Он мне лихо подмигнул, а я повернулся через левое плечо и строевым шагом вышел из кабинета. Оставил я себе один червонец из клада, оставил, причём запрятал его очень хорошо, как знал ведь, что пригодится — для хорошего человека не жалко. А в статье почти ничего править и не пришлось, так, в паре мест поменял слова местами и ещё одну фразу предложил убрать — Зина согласилась без слов.
А вечером я сидел в своей комнате и сочинял синопсис представления к первому сентября, грызя карандаш фабрики «Сакко и Ванцетти»… если кто-то не знает, кто эти люди, то скажу — рабочие-анархисты, оба выходцы из Италии, жившие в Бостоне, борцы за права рабочих. Их несправедливо обвинили в разбойных нападениях и казнили обоих на электрическом стуле, а прогрессивная общественность подняла их как факел, так сказать, в борьбе за всё хорошее. Но хватит про эти давние дела, давайте лучше про современность…
Результатом моих двухчасовых мучений стал коротенький сценарий на полтора тетрадных листочка — там я честно передрал школьные темы выступлений команд КВНа «Фёдора Двинятина», «ХАИ» и «Новосибирского университета». Всё, что вспомнил, десять штук сценок образовалось, если на каждую по пять минут плюс подходы с перерывчиками — на полтора часа вполне можно растянуть. Пойдёт.
А совсем уже вечером мне позвонил друг мой Колька и предложил выйти на разговорчик — вышел, как тут отказать.
— Привет, — сказал он, — это правда, что люди про клад болтают?
— А что люди болтают? — решил уточнить я.
— Что вы с Ленкой его сегодня нашли и сдали в КГБ.
— Да, Коля, это чистейшей воды правда.
— Это тот самый, из ЛТО?
— Нет, конечно, не было в ЛТО ничего, а тут простое совпадение… — попытался прогнать пулю я.
— Странное совпадение, — изучающим взглядом посмотрел на меня он. — Чтобы за неделю в разных местах найти два клада…
— Один клад, Коля, один — в ЛТО не получилось, а здесь свезло. Как там в песне пелось «тот, кто ждёт, всё снесёт, как бы жизнь не била»…
— «Лишь бы всё, это всё не напрасно было» — автоматически продолжил он. — Ты выходит дождался?
— Выходит, что да…
— И деньги тебе за него дадут? По закону же там 25 % что ли полагается..

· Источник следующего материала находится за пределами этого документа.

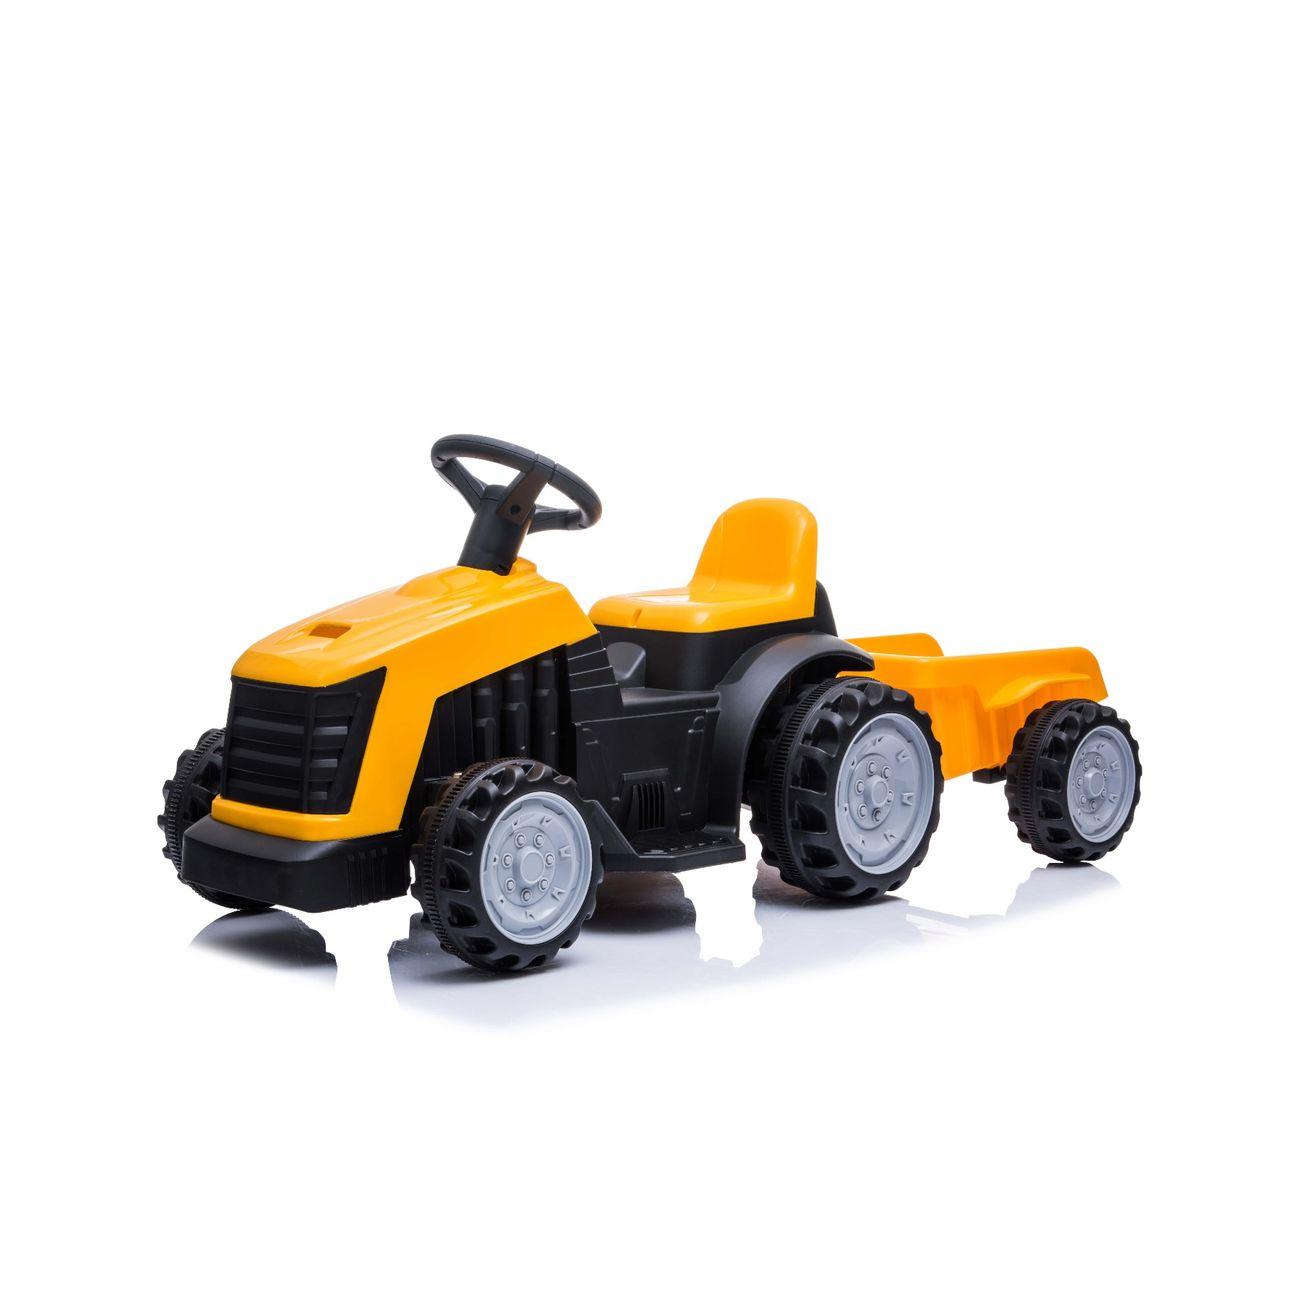 Play4Fun Tracteur électrique avec remorque 22W pour Enfant 3km/h - Jaune

— Если не фальшивки это, то да, что-то перечислят… слушай, раз уж мы вместе начинали поиски, то я считаю, что должен тебе — говори, какая у тебя мечта есть, постараюсь выполнить.
Коля смешался и некоторое время молчал, смотря в землю, а потом, наконец, сформулировал предложение:
— Хочу стать знаменитым артистом и сыграть в чём-нибудь типа «17 мгновений весны». Главную роль желательно.
— Ну это, знаешь, что-то из ряда «поймать жар-птицу и зажарить её на сковородке», — ответил я, немного подумав. — Попроще-то ничего нету?
Но видя вытянувшуюся физиономию друга, тут же добавил:
— Мой клад в этой теме тебе никак помочь не сможет, но твёрдо обещаю, что в театральной студии Дворца культуры я тебе точно одну главную роль выторгую… а дальше уж как получится.
— Годится, — коротко бросил Коля, — когда там завтра у вас встреча с начальником студии?
— В два часа, подходи, мы тебя в фойе ждать будем.
— Мы, это кто?
— Ну я, Лена, Таня и наверно Босой подгребёт… хотя я не очень в этом уверен.
— Босой это хорошо, — совсем непонятно бросил Коля, — ну тогда до завтра, Витёк.
Больше в этот день совсем ничего не произошло.